Not sure how the school could be expected to accommodate that, lljkk?

Jenny70 · 21/06/2013 21:31

I feel if they can't accomodate it, don't ask, just make your groups on ability, timetables etc.

I agree completely.

AChickenCalledKorma · 21/06/2013 21:55

That's it Jenny70 - they have sent a letter that makes great play of how carefully they plan the classes based on all sorts of different criteria, that they put a lot of effort into it in close consultation with primary schools etc etc etc.

Which is all totally fine.
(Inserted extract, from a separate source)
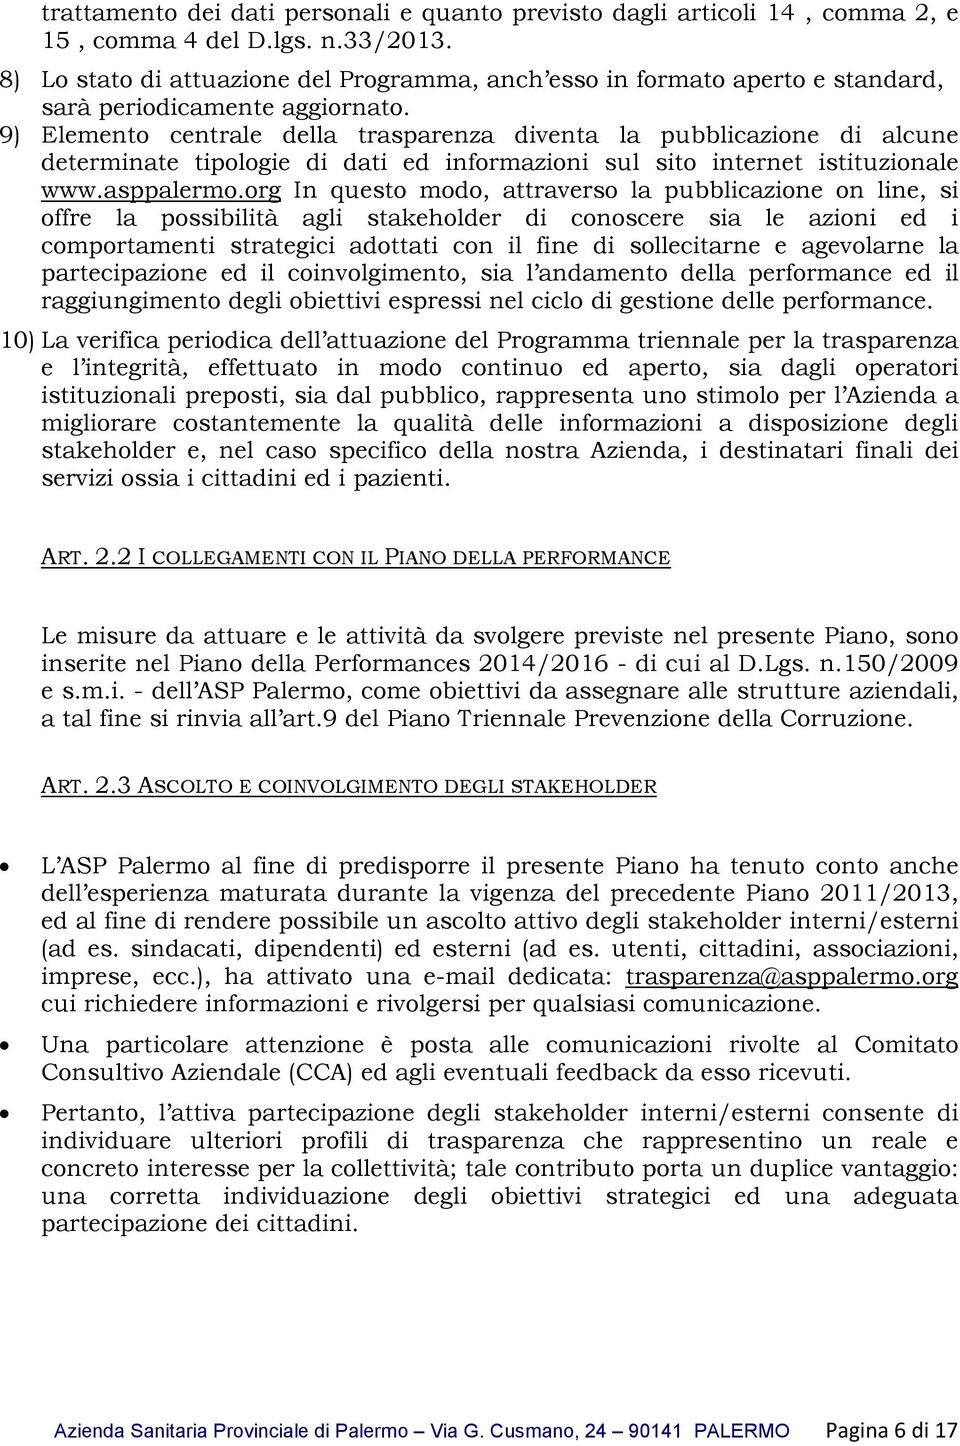 9) Elemento centrale della trasparenza diventa la pubblicazione di alcune determinate tipologie di dati ed informazioni sul sito internet istituzionale www.asppalermo.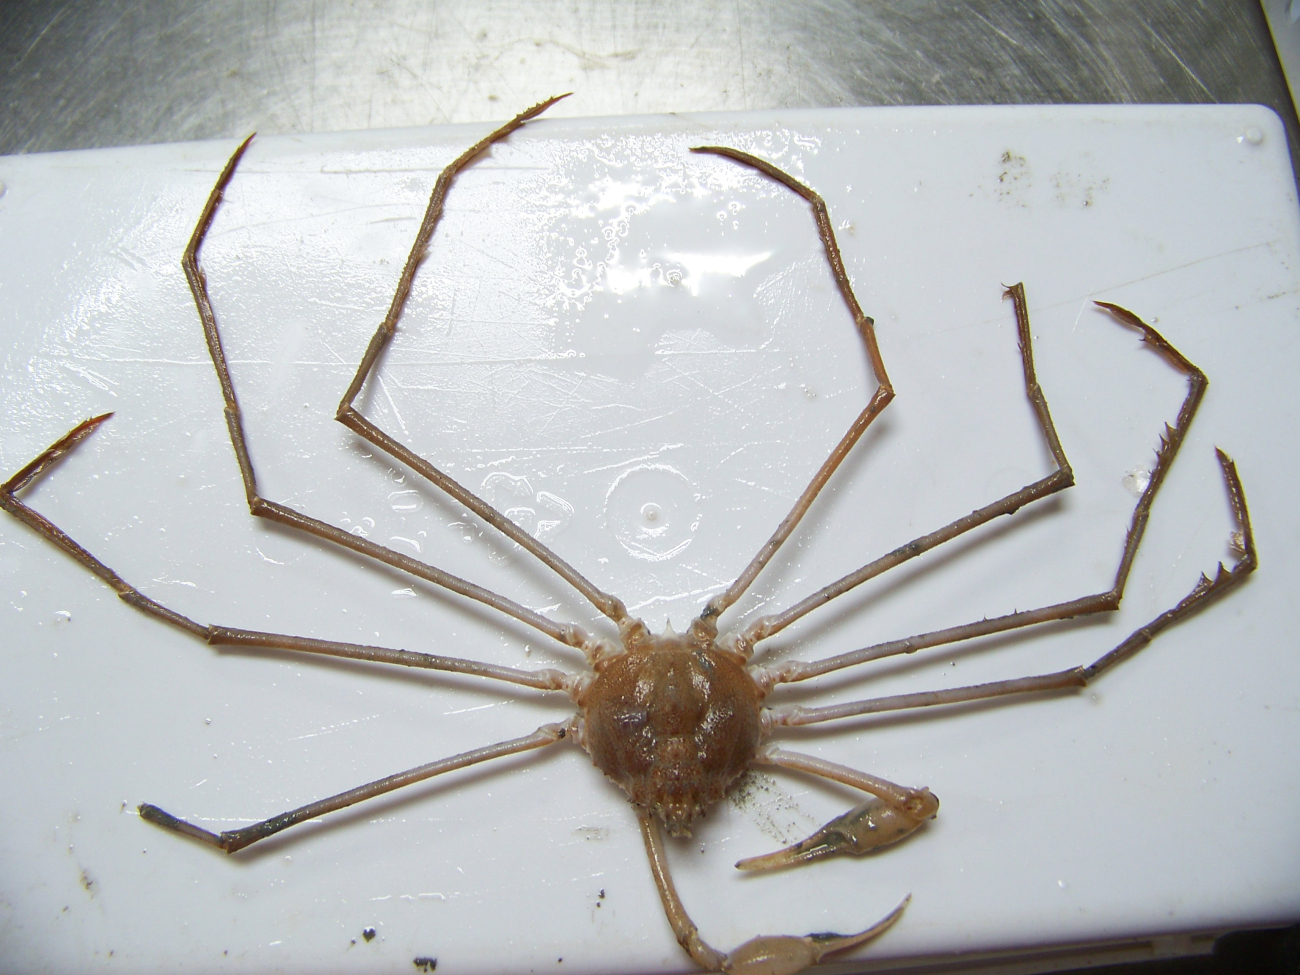 A stilt spider crab (Anasimus istus Rathbun)

But why on earth did they (a) ask the kids for preferences and (b) tell the other mum that they would put our daughters together, if they weren't actually going to do either of those things. I now have a child who was looking forward to secondary, but is now full of resentment before she's even started.

I really do know that it will all be fine in the end, but wish we weren't in this position at this point. I have sent a very polite email enquiring whether there might possibly have been an oversight but acknowledging that it's all very complicated ...

OP posts:
Hassled · 21/06/2013 21:58

Does your DD have quite a common name? Or is it possible there is more than one Jane Smith, say, in the year? Because a friend had the same problem and it turned out they'd mixed up the Jane Smiths.

AChickenCalledKorma · 21/06/2013 22:04

Hmmm - at risk of outing myself, yes we have about as common a name as you can get! Am feeling better about the email now, just in case there really has been a mistake.